On a real nice day, like 70 degrees,  I put them under the patio cover for a few hours increasing time each day for a week.  Then i let them meet the sunshine same thing.. ready to go out in around 2 weeks.  Are you excited THG?  WOO HOO, I am excited. My other advice is using sns209 before they go out and continue the 5 waterings as a precaution to the blankity blank thrip.  You got this, i can't wait to see and hopefully taste the fruits of your labor.


----------



## orangesunshine (May 1, 2017)

sometimes my clones clones go from 24 hr T5 to 14 hr T5 for a few days---other times  they just get booted OD soon as we get a Waxing Moon---i like to get them out at sun rise and transplant to larger pots during the Waning Moon---party on THG :joint4:


----------



## The Hemp Goddess (May 1, 2017)

Thanks guys.  We have just a bit over 14 hours of daylight now--sunrise at 6:38, sunset at 8:51. I might kick the vegging lights back again in preparation to go outside.  It sounds like a good day to get them out on the deck for a few hours--it doesn't get direct sun until afternoon.  I AM excited Rosebud.  Super soil seems to be cooking nicely. I've got a bunch of Satori this year, Buck-eye purple cross (result of my neighbor having a male in his garden), and some Shark Shock CBD (I am liking this strain for nighttime).  I'm sure we can figure out some way for you to get a taste  :giggle:.  Still haven't got much done in the backyard--seems like we have had bad wind or rain most days, but this week is supposed to be nice.  Ordered a bunch of really heavy landscape fabric to get down where the garden is going to be--will put bark mulch on top of the fabric.  Orange, I'll watch the moon cycles as I get ready to put outdoors and transplant.


----------



## grass hopper (May 3, 2017)

hi thg, hope to be outdoor grow friends this summer. hope all goes well!!


----------



## The Hemp Goddess (May 4, 2017)

Grasshopper, being outdoor grow buddies sounds great!  I am really excited for this growing season.  

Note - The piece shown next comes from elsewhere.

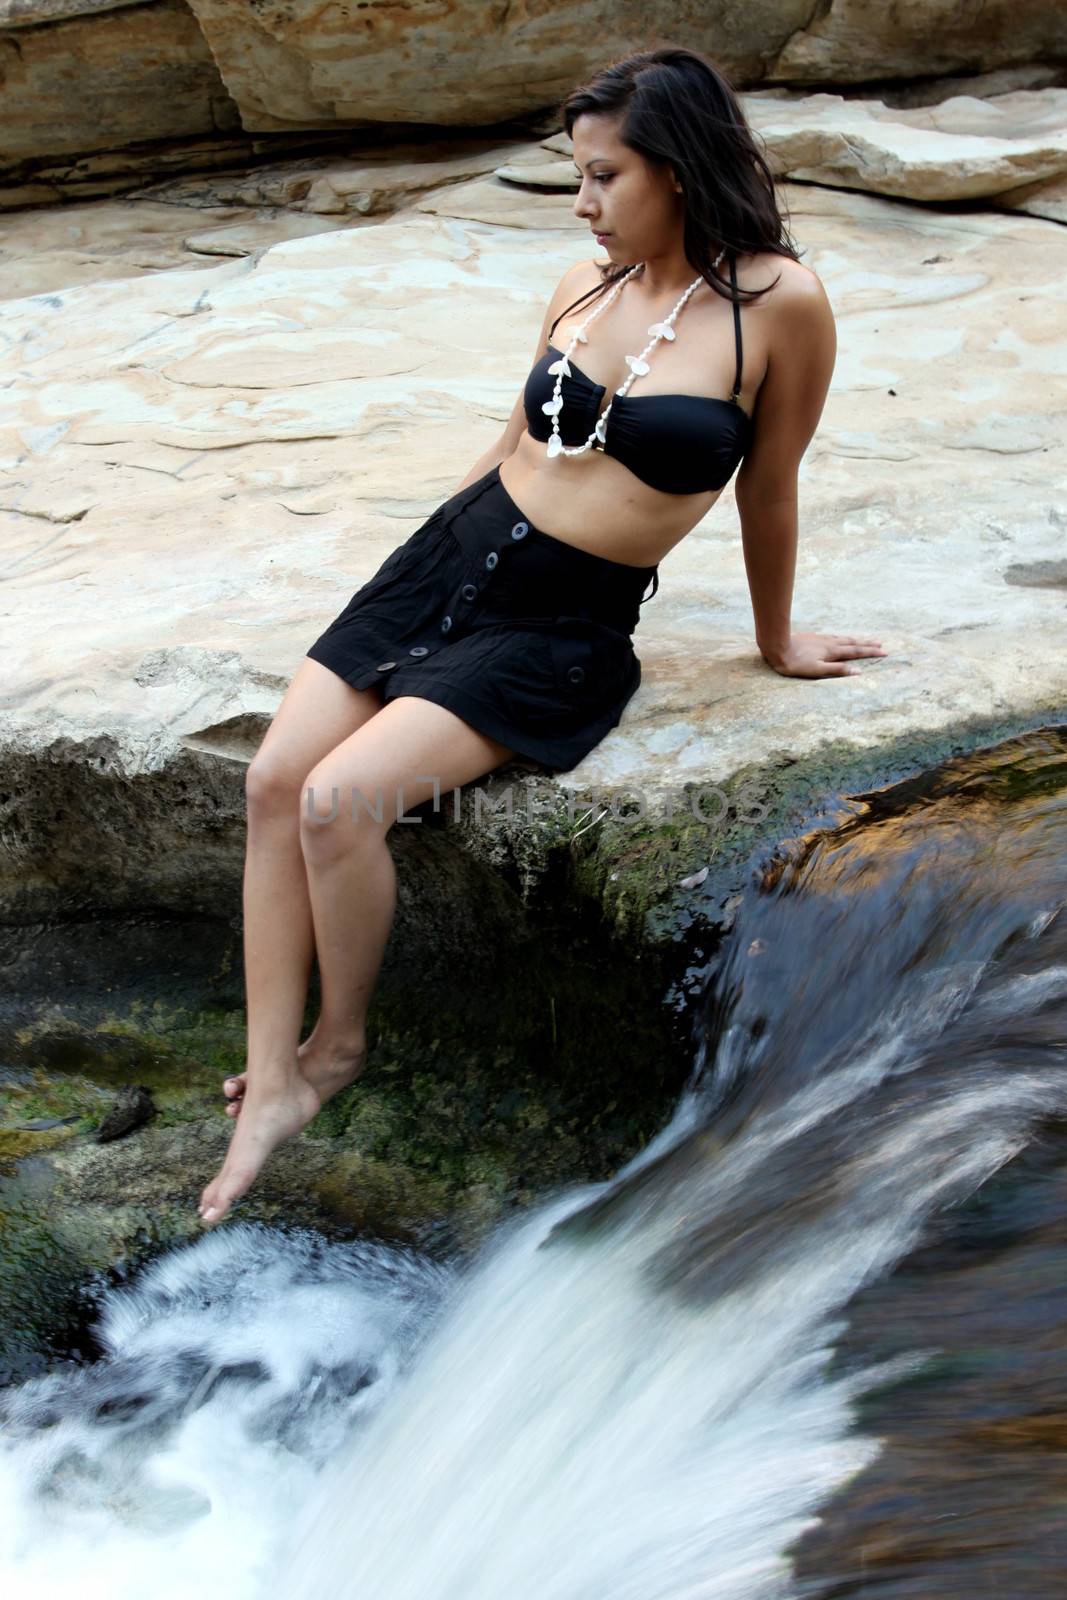 Hispanic woman with bikini sitting next to a waterfall.

Decided to run some PVC underground to the garden area so I am not pulling hoses around all the time.  We got the trench dug yesterday, will put water line in today and get covered so I can lay the landscape fabric down.  Most of the garden is going to have a drip system or soaker hoses.  This is going to be fun!


----------



## grass hopper (May 4, 2017)

The Hemp Goddess said:


> Grasshopper, being outdoor grow buddies sounds great!  I am really excited for this growing season.
> 
> Decided to run some PVC underground to the garden area so I am not pulling hoses around all the time.  We got the trench dug yesterday, will put water line in today and get covered so I can lay the landscape fabric down.  Most of the garden is going to have a drip system or soaker hoses.  This is going to be fun!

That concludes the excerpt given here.